Untuk menggalakkan makanan tradisional ini, perlu komitmen kita semua, perlu kesadaran kita semua, perlu "mengikis" aspek gengsi kita semua. Biasanya dikalangan anak negeri ini lebih bergengsi bila mereka makan "makanan siap saji", mereka tahan antri berjam-jam pada saat membeli makanan tersebut. Untuk itu, jika kita mau back to basic, kita harus "mengikis" kebiasaan dan rasa gengsi kita.
Bila kita sandingkan penjual gado-gado dengan penjual ayam goreng (fried chicken) di Mal atau di Kaki Lima, maka sudah dapat dipastikan konsumen akan berbondong-bondong menyerbu ayam goreng , ketimbang gado-gado. Inilah fakta yang ada dan inilah dinamikan yang berkembang dibelantika anak negeri ini.
Â
Perlu Merubah Kebiasaan.
Untuk back to basic, memang tidak semudah membalik telapak tangan, tidak semuda apa yang kita banyangkan, perlu perjuangan yang tidak ringan, perlu komitmen yang tinggi, perlu penyadaran yang maksimal.
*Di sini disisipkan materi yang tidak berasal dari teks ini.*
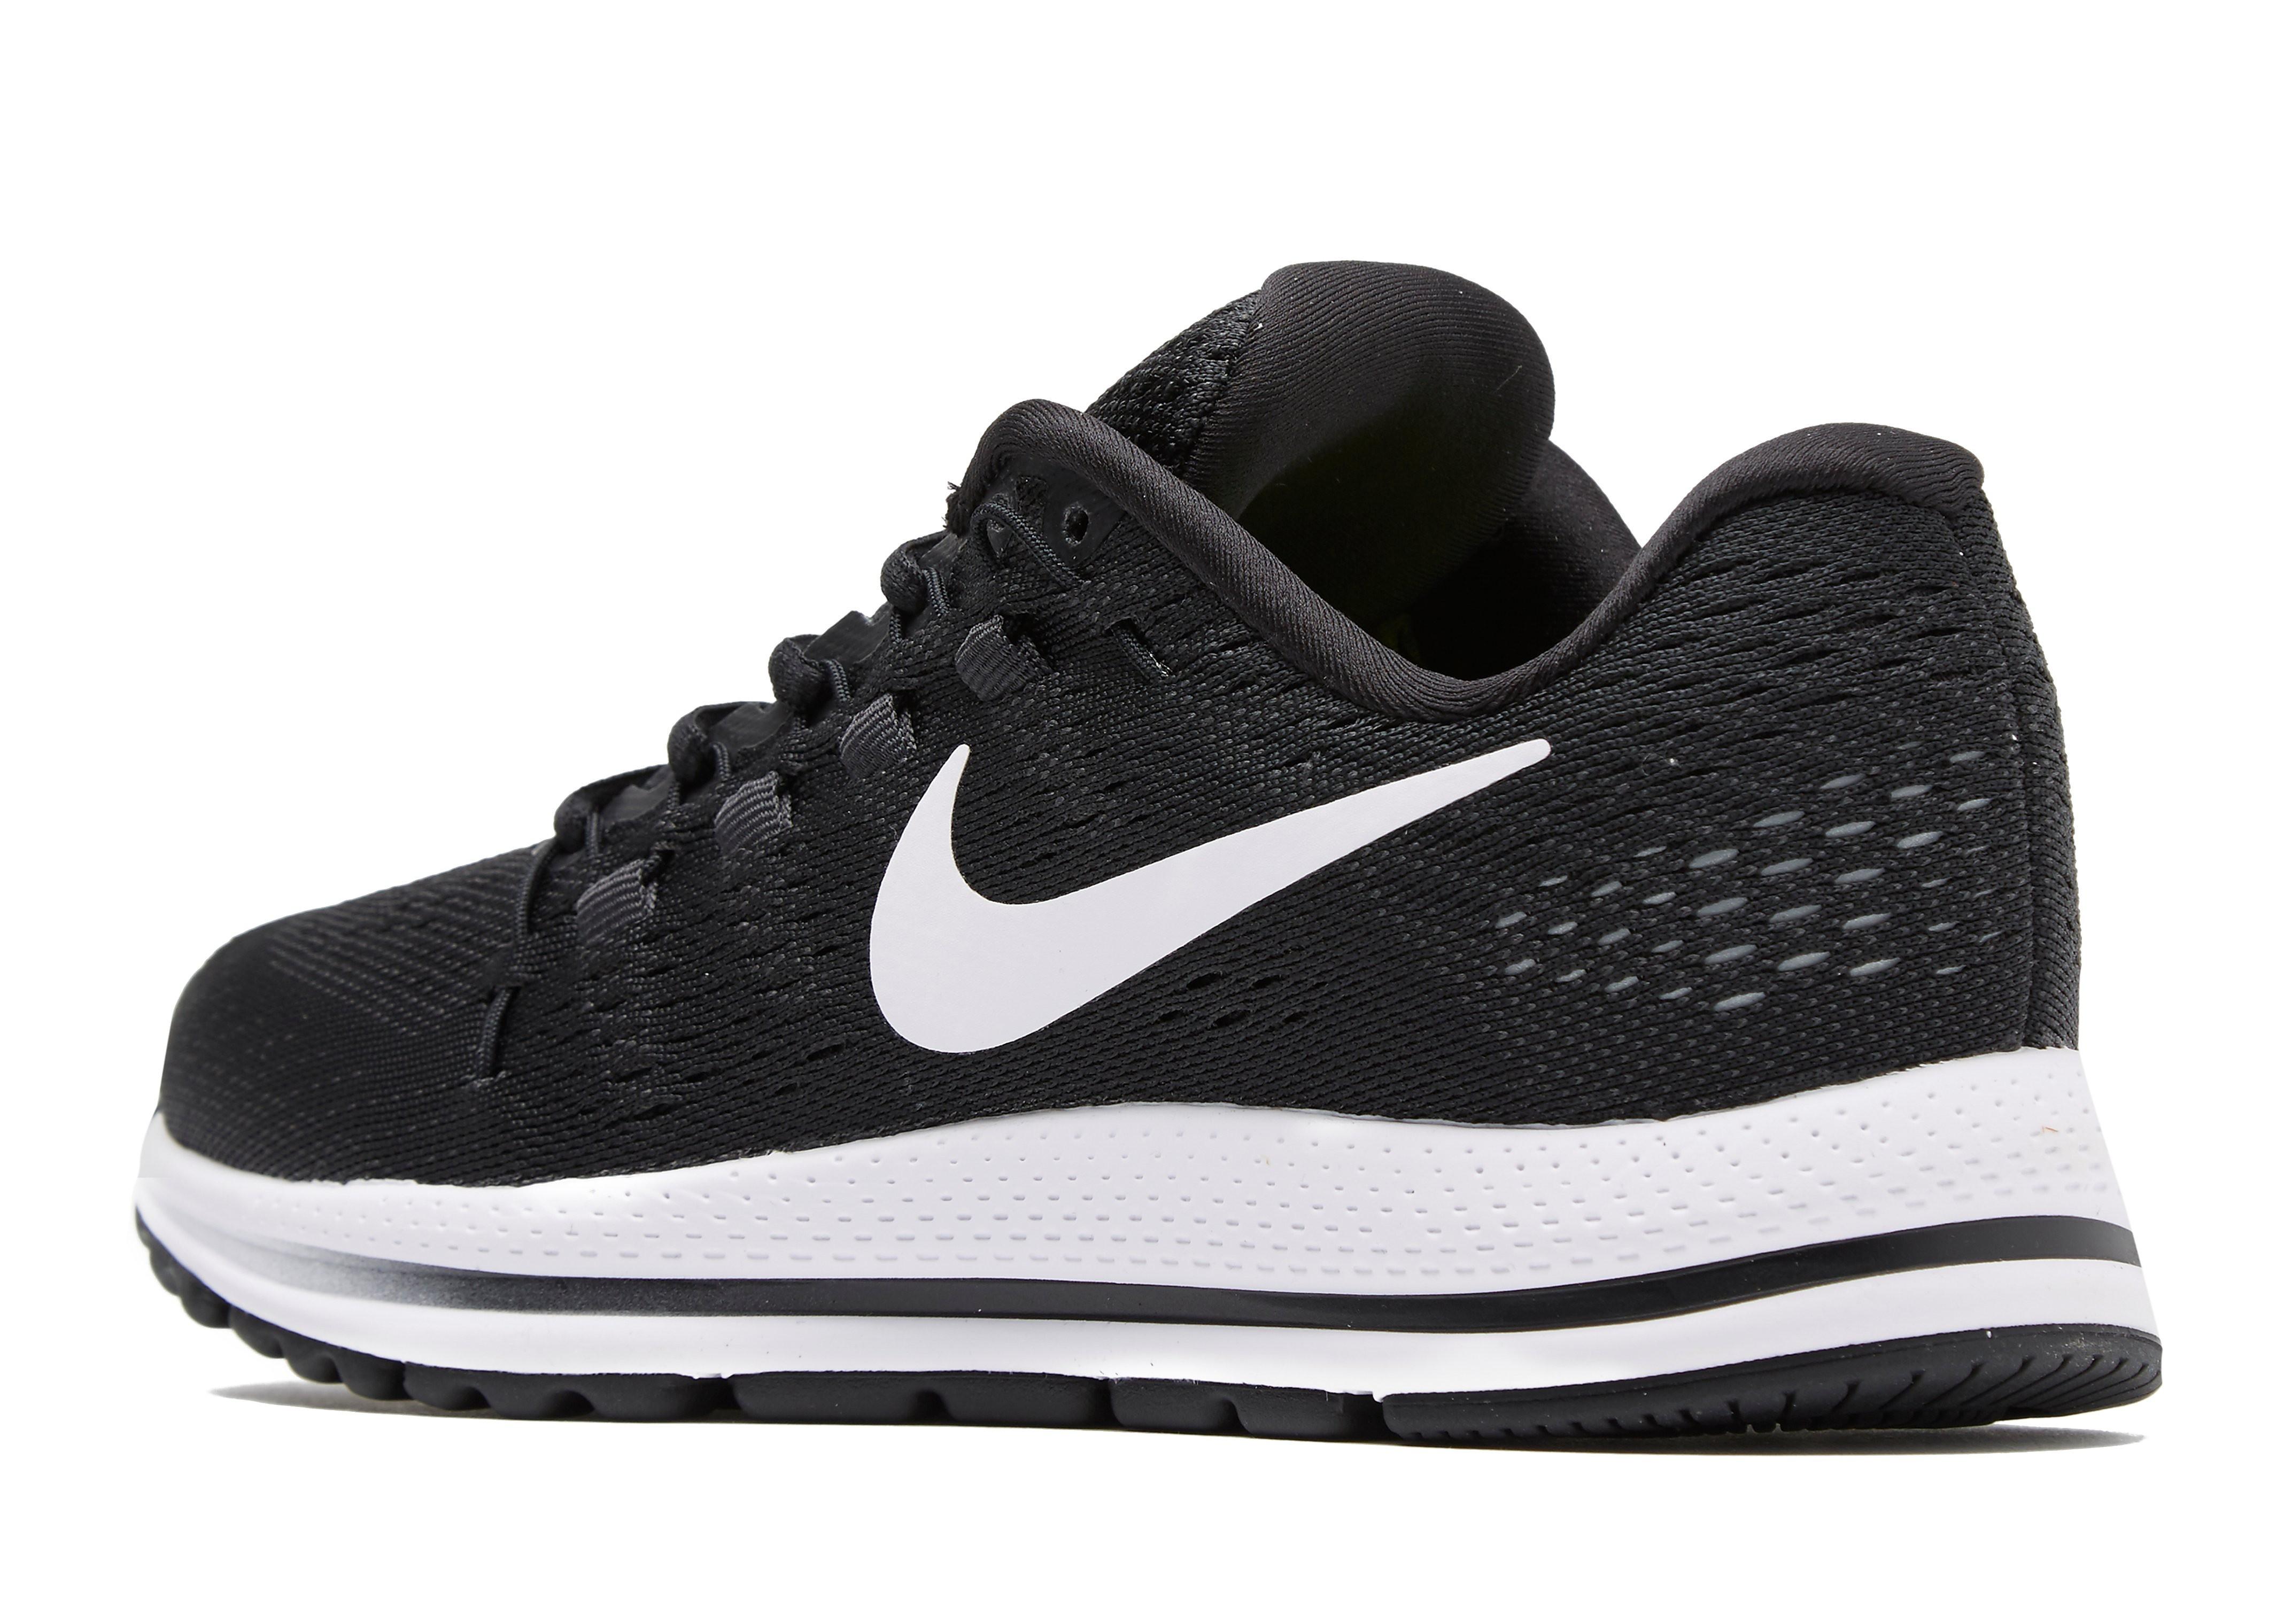 Nike Air Zoom Vomero 12 Women's

Menurut saya, kita perlu merubah kebiasaan yang selama ini "terpatri" dalam diri kita. Istilah "Aku Anak Keju,Engkau Anak Singkong" mungkin perlu ditiadakan, diganti dengan "Aku Anak Indonesia dan Cinta Indonesia". Saya tidak bisa membayangkan, jika disebagian besar anak negeri ini sudah merubah "minset" --nya, kembali back to basic tersebut.
Dengan demikian, maka tindakan kita merubah kebiasaan mengedepankan makanan sehat, makanan tradisonal, makanan alami tersebut, juga akan mendorong pelaku bisnis akan memberhentikan penggunaan bahan berbahaya bagi kesehatan konsumen dan akan berupaya menjual makanan tradisonal, makanan sehat dan makanan alami.
Terakhir yang tidak kalah pentingnya adalah, bagaimana kedepan ini pelaku bisnis harus dan harus juga back to basic, harus dapat menjunjung tinggi etika bisnis dan harus dapat memposisikan konsumen sebagai raja serta memposisikan konsumen  bagian intergral kemajuan dan perkembangan unit bisnis kita. Artinya konsumen jangan hanya dijadikan objek semata, tetapi konsumen juga harus diposisikan sebagai subjek. Selamat Berjuang!!!!!!